Я попытался встать, отрывая руки от липкого, залитого кровью пола.
Лика лежала возле рулона старой ветоши, свернувшись в позу эмбриона. Она что-то сжимала у себя на груди, словно хотела скрыть от посторонних глаз.
Я осмотрелся.
К входной подвальной двери поднималось несколько ступенек. Дверь была открыта. В проеме виднелась беседка, увитая тяжелой виноградной лозой.
Владимир Чубуков
ТЕНЬ МОЕГО БРАТА
Честно скажу, не было у меня никаких чувств на похоронах брата. Равнодушие. Скука. Вот и все. Даже удивился собственному спокойствию. Да и то — удивился тоже как-то равнодушно.
Мы были с ним близнецами. Впрочем, что там «были» — и теперь продолжали оставаться ими. Близнец живой, близнец мертвый. Одно лицо на двоих. В характерах никакого сходства, зато внешне нас не различить.
Смотрю на него, в гробу лежащего, и вижу там себя самого. Жутковато — точнее, должно быть жутковато. Но я спокоен. Возможно, мое спокойствие — защитная реакция, маскировка, и под ней я спрятался от жути, которой надлежало меня охватить при взгляде на это мертвое точь-в-точь мое лицо.
Одна из причин, по которой я сторонился Игоря, как раз в том, что слишком уж мы с ним похожи. Будь мы рядом, нас обязательно путали бы, а брат человек такой, что не преминул бы использовать это сходство для своей выгоды. Вечно затевал какие-то аферы, манипулировал окружающими, строил мутные планы, влипал в ситуации, из которых потом с трудом выкручивался, в общем, ходил по краю.
Я с детства любил читать: сначала сказки, потом фантастику, потом мистику, ну, и классику, само собой, лет с пятнадцати зачитывался поэзией, особенно, декадентами и символистами. Брат же не читал ничего, кроме справочников и руководств, да и тех прошло через его руки совсем немного. Особенно ценил здоровенный увесистый том медицинской энциклопедии, хотя призвания к медицине не чувствовал, энциклопедия увлекала его, прежде всего, описаниями всевозможных патологий.
Когда я ушел в армию, брат отмазался от призыва, мастерски симулировав заковыристое нервное расстройство, симптомы которого вычитал в медицинской энциклопедии, а потом в точности воспроизводил их перед врачами.
Я родился на несколько минут раньше — был формально старший, и родители внушали нам, что старший — я, а младший — он. Усвойте и не забывайте. Простая схема, которая была для них так важна. Отец ведь любил все раскладывать по полочкам, строить всех по ранжиру. Иначе и не мог смотреть на мир, как только через сетку координат, определявших точные фокусные расстояния до всякого предмета и явления. Мать, конечно, во всем его поддерживала.

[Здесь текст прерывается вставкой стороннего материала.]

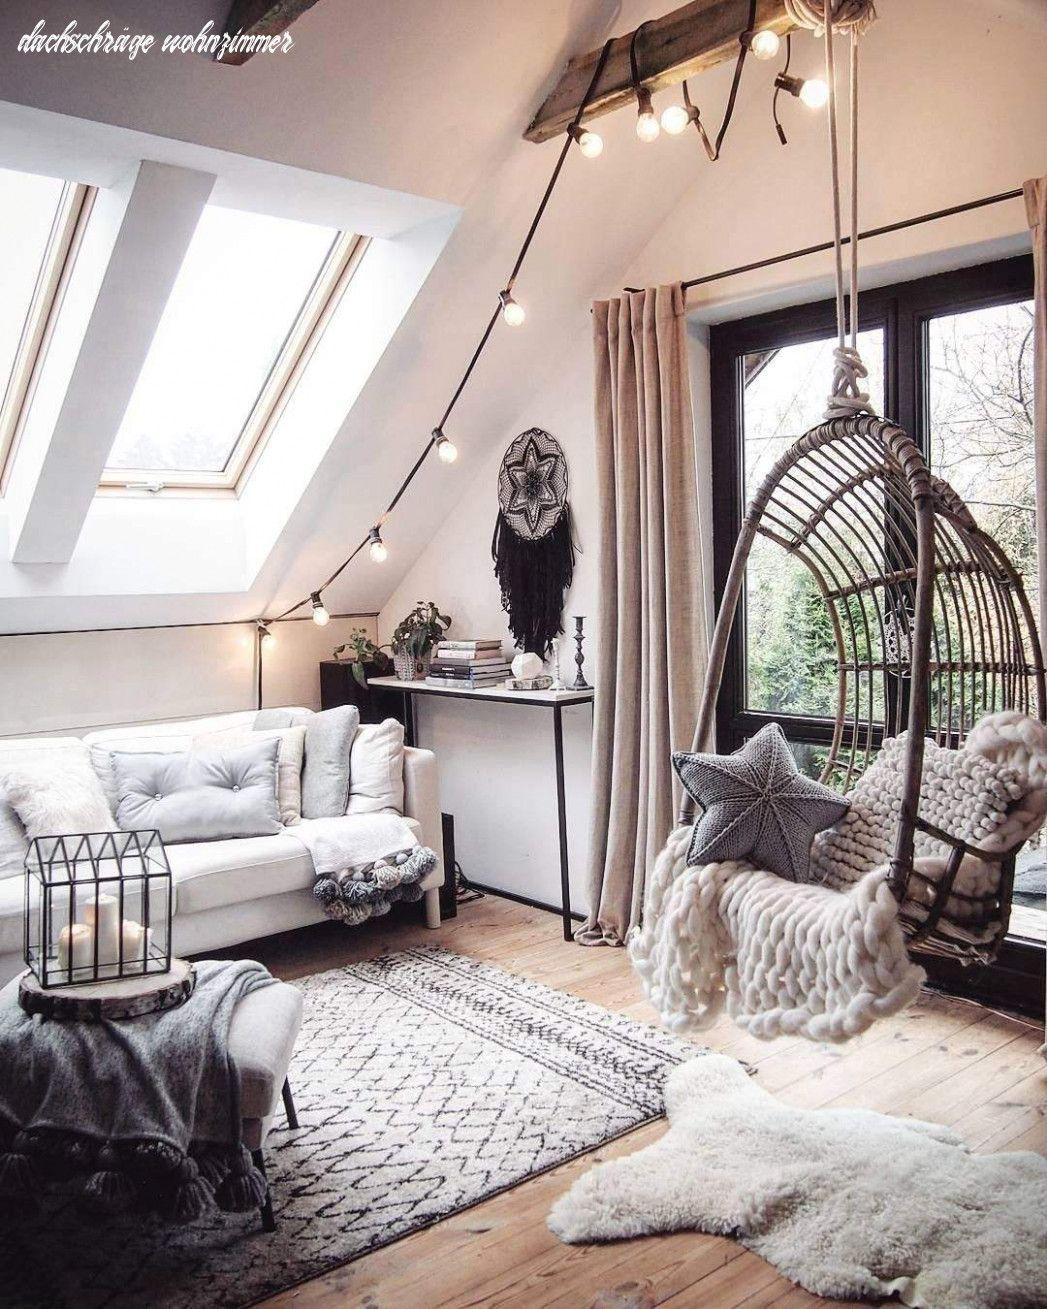 Zehn Möglichkeiten, Wie Sie Das Beste Aus Dieser Dachschräge Wohnzimmer Herausholen Könn ...

Но постепенно я, старший брат, осознал, что Игорь не потому вслед за мной явился на свет, что был младше. Нет, он пропустил меня вперед, до времени затаившись и выжидая. Как сильные и властные запускают в опасное пространство, прежде всего, более слабого и малоценного, кого не жалко. Такое ощущение подспудно вызревало у меня годами, проведенными с ним бок о бок.
Вернувшись из армии и устроившись на работу в сюрвейерскую компанию, я тут же съехал от родителей, оставив их с Игорем в трехкомнатной квартире. Тогда, во второй половине девяностых, в сюрвейерских компаниях прилично зарабатывали даже простые тальмана. Так что жил безбедно, к тому же через несколько лет из тальмана стал инспектором, хотя не имел высшего образования.
Отец меня искренне не понял, ему казалось, это так непрактично — платить за съемное жилье, когда в родительском гнезде пустует твоя комната, отдельная, в которой можно, если что, и на ключ запереться, этакая «мой дом — моя крепость». Отец все-таки плохо знал Игоря, поэтому не понимал моих мотивов.
Уже с четырнадцати лет я мечтал сбежать подальше от брата — особенно, после истории со стариком-инвалидом.
Странная история. Жуткая. В такое вляпавшись однажды, потом дорого захочешь заплатить, лишь бы вытравить все это из памяти.